** What to do **
Repeat the records below exactly from the line containing "キックなし、119 BPMの未再生の波形" to the line containing "Разработка логотипа и", taking in both of those lines. Drop the pictures.

** Excerpted data **
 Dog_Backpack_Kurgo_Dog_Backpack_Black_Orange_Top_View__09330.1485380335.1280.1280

* * *

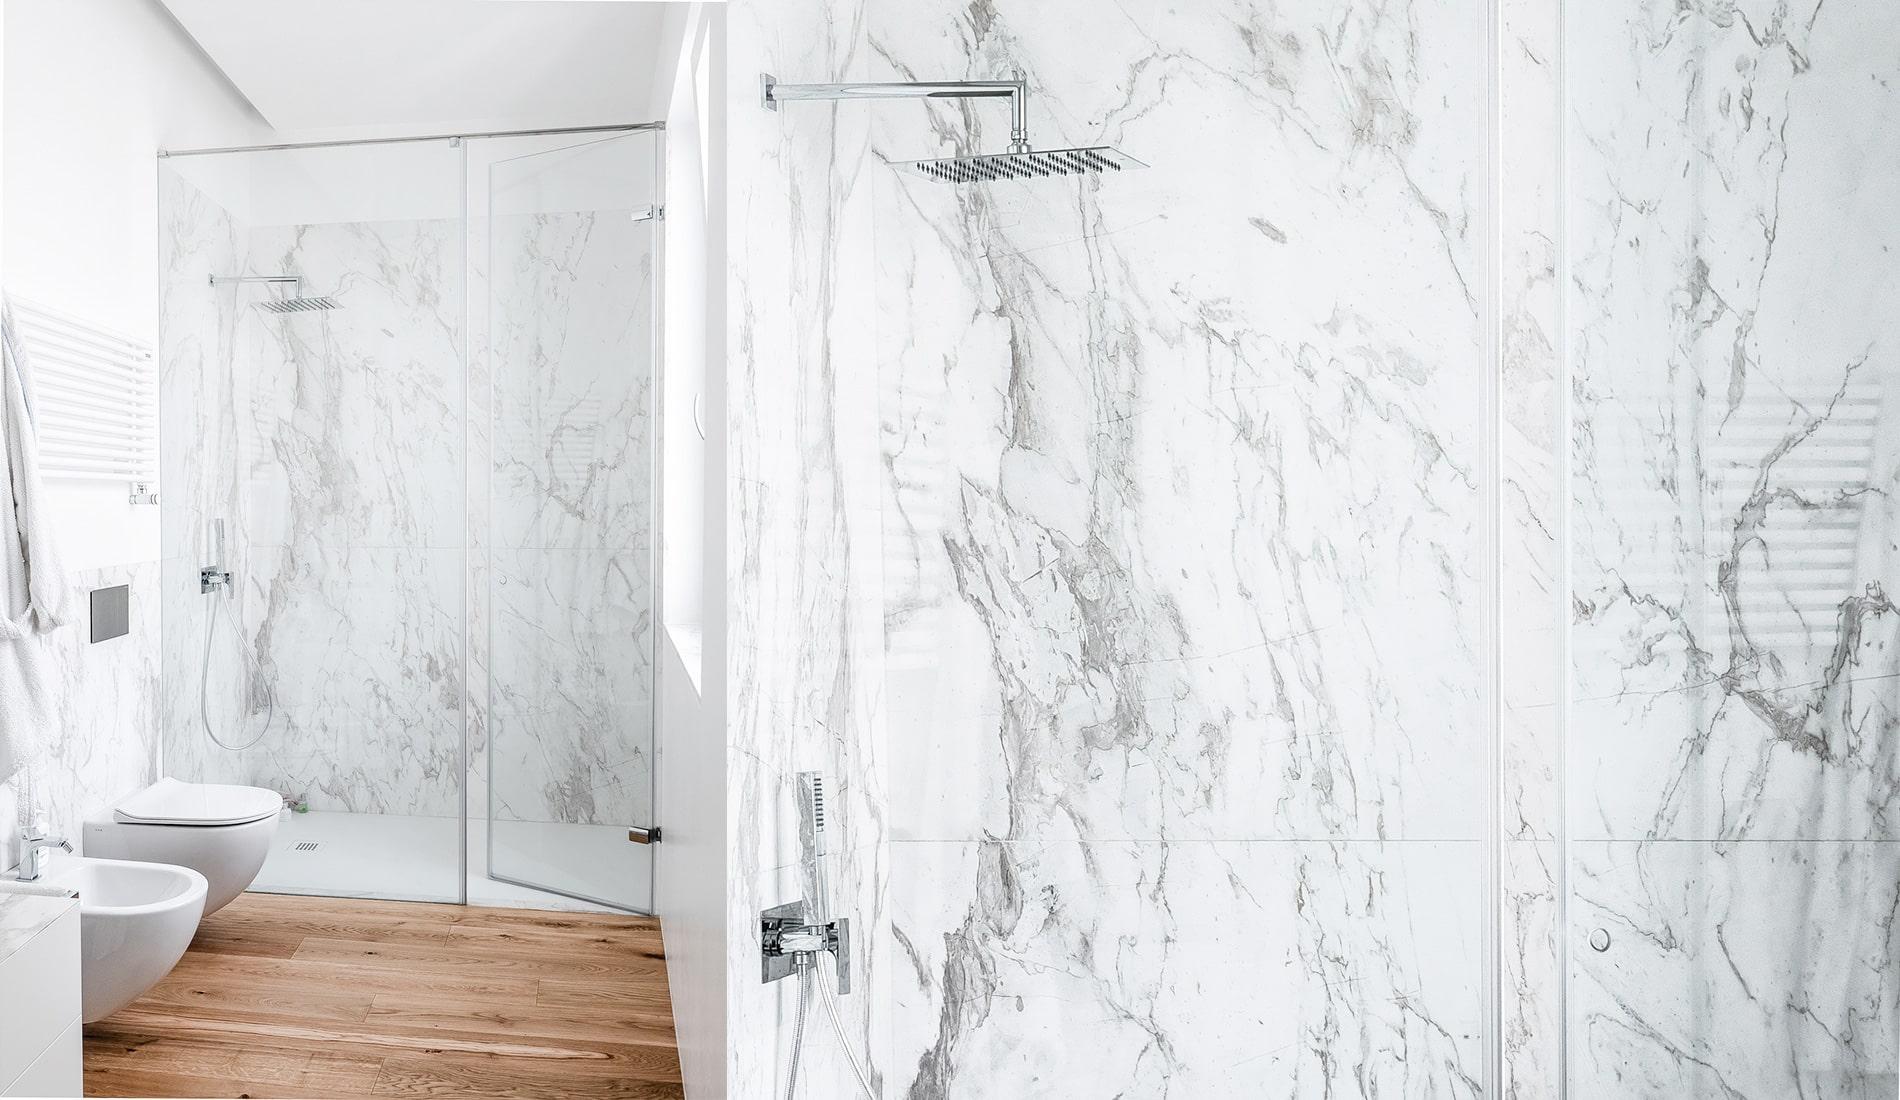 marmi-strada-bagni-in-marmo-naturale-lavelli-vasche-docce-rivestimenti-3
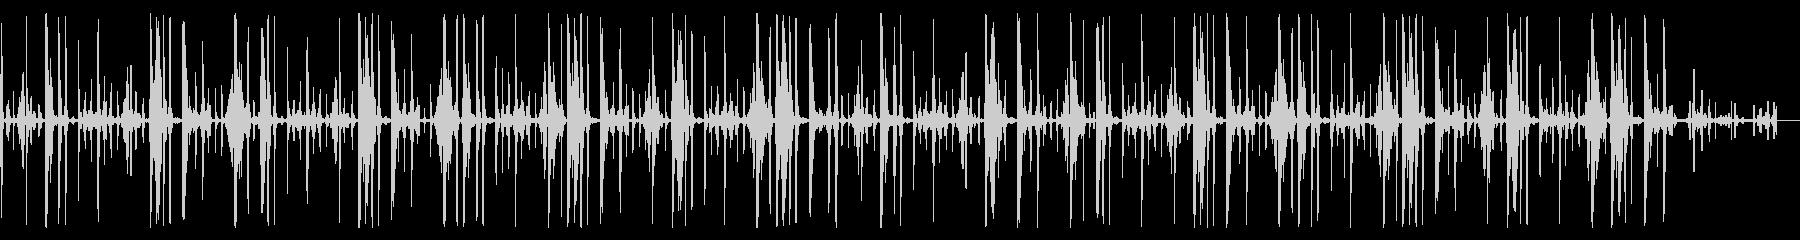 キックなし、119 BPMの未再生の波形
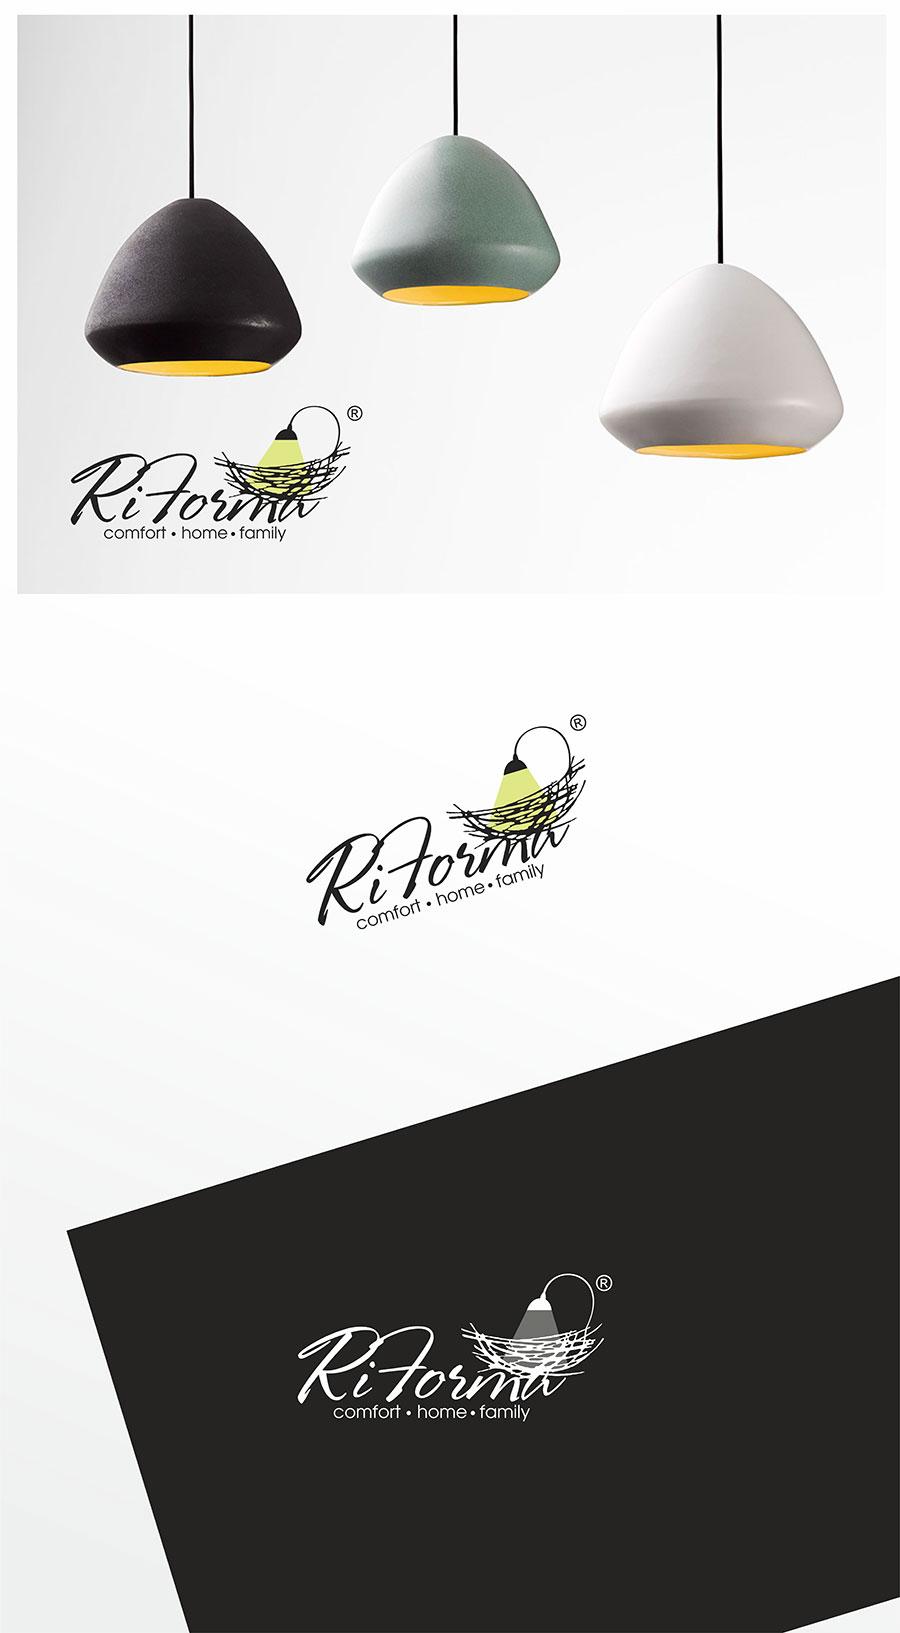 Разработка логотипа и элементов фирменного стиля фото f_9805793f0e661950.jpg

** Written answer **
 キックなし、119 BPMの未再生の波形
 Разработка логотипа и элементов фирменного стиля фото f_9805793f0e661950.jpg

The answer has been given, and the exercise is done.